Следующий аспект, тесно связанный с первым, но вместе с тем имеющий самостоятельное значение, предполагает запечатление, воплощение все той же Истины как Красоты — иначе говоря, литургическое выражение византийской цивилизации. Но «литургия» здесь означает больше, чем богослужение или культ, как таковые. Она поистине путь жизни, где «сакральное» и «мирское» неразлучны и вся жизнь мыслится как продолжение, «развитие» того, что было явлено и сообщено в литургии. Ибо подлинная цель богослужения в том, чтобы являть Царство Божие, приобщать человека небесной Красоте, Истине и Благу, дабы его жизнь, сколь возможно, протекала в свете этого уникального опыта. Всякий, кто посетит константинопольскую Софию даже в нынешнем, «кенотическом» ее облике, может прикоснуться к тому опыту и видению, из которых она возникла и которые призвана была сообщать. Это и в самом деле то Небо на земле, то Присутствие, что превосходит всякий человеческий опыт и все человеческие категории, относит их к себе, раскрывает мир как Космос, где небо и земля воистину исполнены божественной славы. Пасхальный, доксологический, «преображающий» и вместе с тем глубоко покаянный характер византийской литургии, которая как бы втягивает в себя храмовую архитектуру и песнопения, время, пространство и движение, и имеет целью включить в свой ритм и сферу всего человека, а через него и весь мир — все это делает ее больше, чем «культом». Это — опыт мира «грядущего», явленного в «мире сем». Он объемлет все творение целиком — вещество, звук, цвет — и преображает его в таинственном восхождении и вознесении во славе присутствия Божия.

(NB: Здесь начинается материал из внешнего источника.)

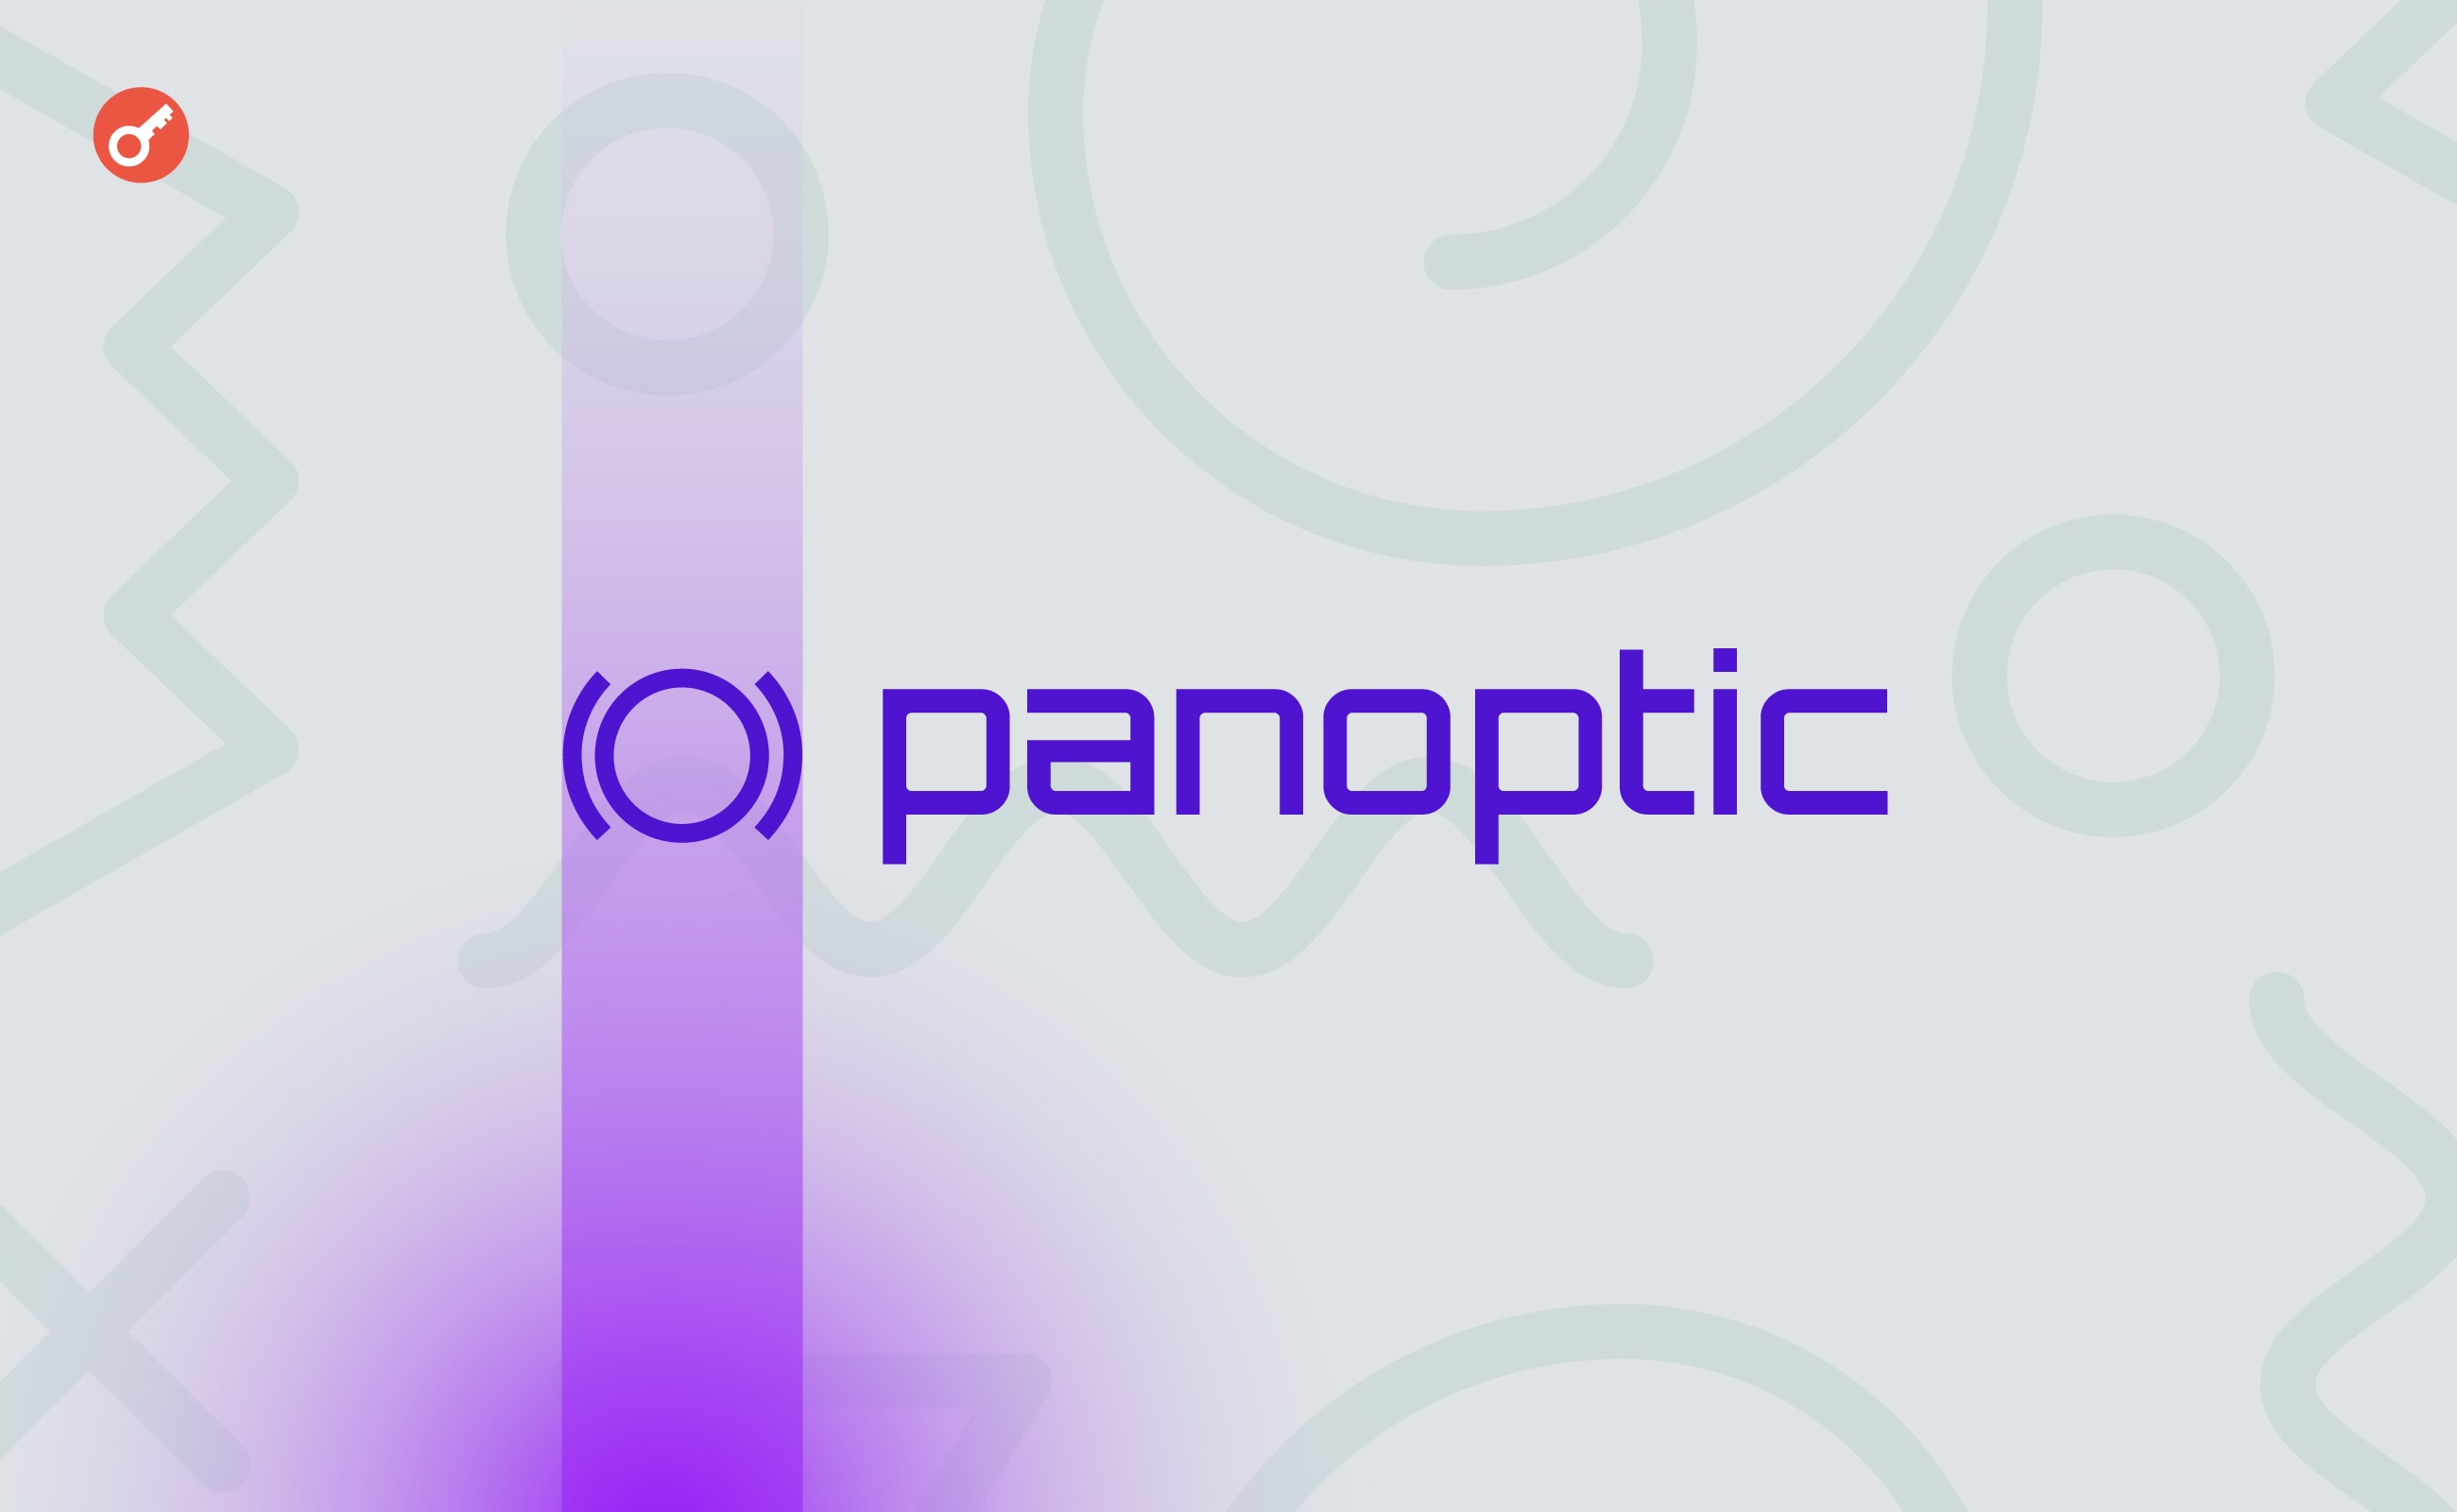 Протокол Panoptic залучив $7 млн на розвиток платформи безстрокових опціонів. Головний колаж новини.

Покидая храм, православные христиане поют: «Видехом свет истинный, прияхом Духа Небеснаго», — и, по замыслу, именно в этом свете, в этом приобщении Духу нам надлежит воздействовать и на самую жизнь, преображая ее, по слову русского религиозного мыслителя, в «литургию за стенами храма». Именно потому, что в тайне литургии нам впервые дано было увидеть новое творение и приобщиться ему, мы и можем стать служителями этой тайны в «мире сем». Взирая с точки зрения восточного «опыта» на современный литургический хаос, хочется сказать, что не литургию нужно «приспосабливать» к миру, но, напротив, сам мир должен быть заново открыт в этом уникальном литургическом опыте — в его свете, истине, красоте и силе, и открыт как место, «приспособленное» для христианского действия.

И наконец, третий аспект византийско–христианской культуры следует назвать «аскетическим». Человеческий грех и отчуждение от Бога как коренной недуг «мира сего», узкий путь спасения — вот основные компоненты религиозного опыта, всесторонне определявшие жизнь византийского общества. Это было, как я уже сказал, «монашеское» общество — в том смысле, что монашеский идеал воспринимался им как самоочевидная норма и критерий христианской жизни. Отмеченный нами доксологический характер богопочитания не только не исключает, но, наоборот, подразумевает как предварительное условие глубоко покаянный его акцент: «Чертог Твой вижду, Спасе мой, украшенный, и одежды не имам, да вниду в онь». Но было бы ошибкой, как мы уже говорили, видеть в аскетическом и покаянном настроении проявление страха и пессимизма.